All women received zidovudine (ZDV) from the time of enrolment (~28 to 38 weeks gestation) until the onset of labour. At that time, sd-NVP was given as well as two tablets of TDF/FTC (Truvada). Following delivery, TDF/FTC was given as one tablet once daily, for a week. Infants were given sd-NVP syrup on day 1 and ZDV syrup for 7 days.

Study outcomes were TDF/FTC safety, PK, frequency of viral resistance, maternal viral load, and estimation of transmission rate in the mother-infant pairs.

Grades 3/4 adverse events occurred in 24% of the women (9/38) and these included anaemia and leucopenia. There were 39 live births (1 set of twins). Nine infants (23%) suffered clinically adverse events; four of whom died (meningitis, gastroenteritis, intestinal obstruction, and severe idiopathic encephalopathy).

Maternal viral load dropped nearly one log at 2 days postpartum, but returned to baseline at 4 weeks. Plasma HIV-1 RNA was detected in two of the 39 infants at 3 days and was confirmed at 4 weeks postpartum. Both infections occurred in utero

There were no findings of genotypic viral resistance to ZDV, NVP, FTC, or TDF in mothers or infants. The investigators concluded that this combination is well-tolerated in women and newborns and that 7 days of postpartum therapy appeared to avoid NVP-resistance mutations and effectively suppress viral replication. No intrapartum HIV transmission was reported.

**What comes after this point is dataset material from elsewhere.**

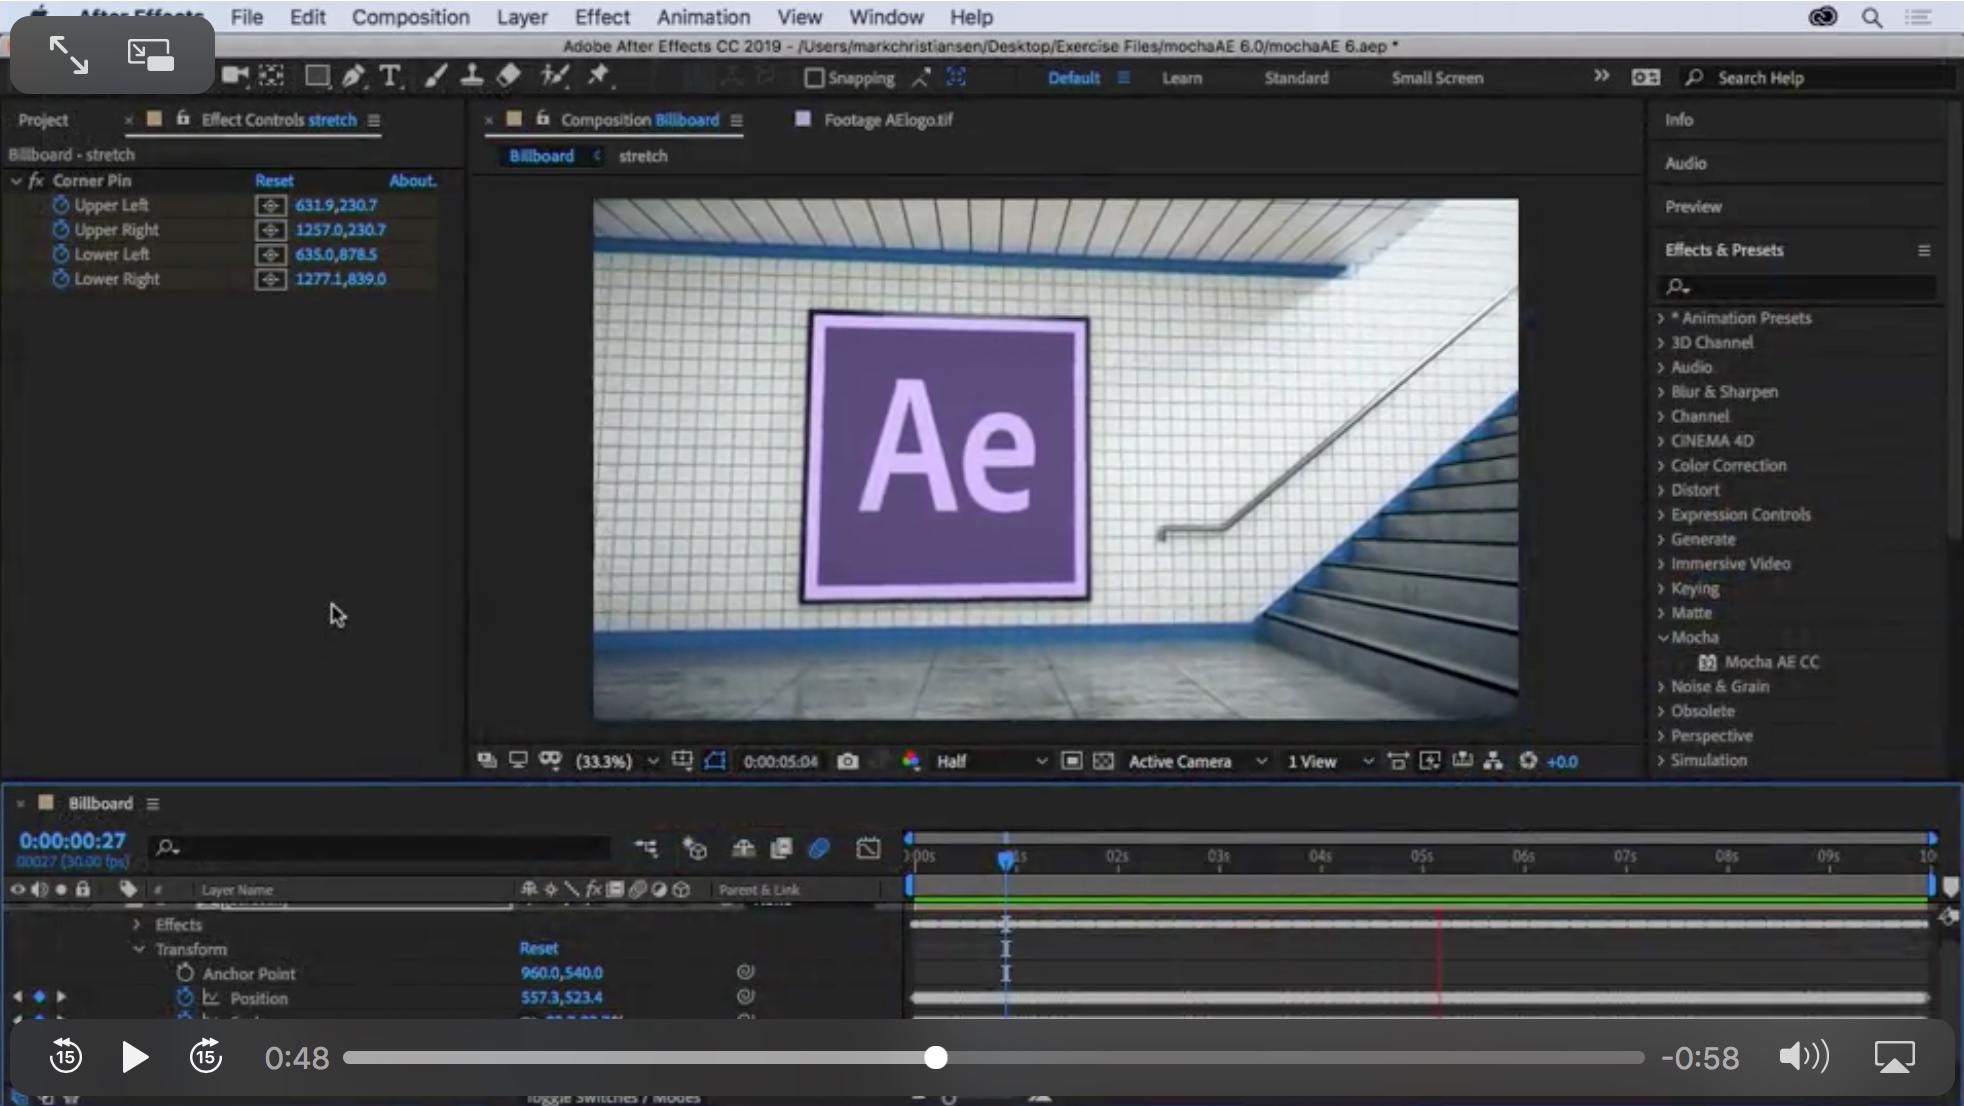 after effects cc 2017 crack

In a tenofovir PK substudy, investigators found that 2 tablets of TDF/FTC given at the initiation of labour and thereafter at the normal once-daily dose for 7 days produced TDF concentrations similar to those of non-pregnant, HIV-infected individuals taking the normal dose of TDF 300mg and FTC 200 mg daily.

Absorption of TDF was faster and greater in those women who had a caesarean section. TDF had good placental transfer and neonatal plasma half-life was just over 8 hours, suggesting low concentration soon after delivery.

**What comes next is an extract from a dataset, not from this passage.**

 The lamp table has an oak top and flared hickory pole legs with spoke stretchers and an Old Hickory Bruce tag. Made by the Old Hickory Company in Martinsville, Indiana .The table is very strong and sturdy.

Administering TDF 13mg/kg to the infant as soon as possible after birth results in neonatal concentrations comparable to those seen in adults.

References

Arrive E et al. The TEmAA ANRS 12109 phase II Trial, step 1: tolerance and viral resistance after single-dose nevirapine and short-course of tenofovir disoproxil fumarate and emtricitabine to prevent mother-to-child transmission of HIV-1. Fifteenth Conference on Retroviruses and Opportunistic Infections, Boston, abstract 45b, 2008.

Hirt D et al. Population pharmacokinetics of tenofovir in HIV-1-infected pregnant women and their neonates: TEmAA ANRS 12109. Fifteenth Conference on Retroviruses and Opportunistic Infections, Boston, abstract 47LB, 2008.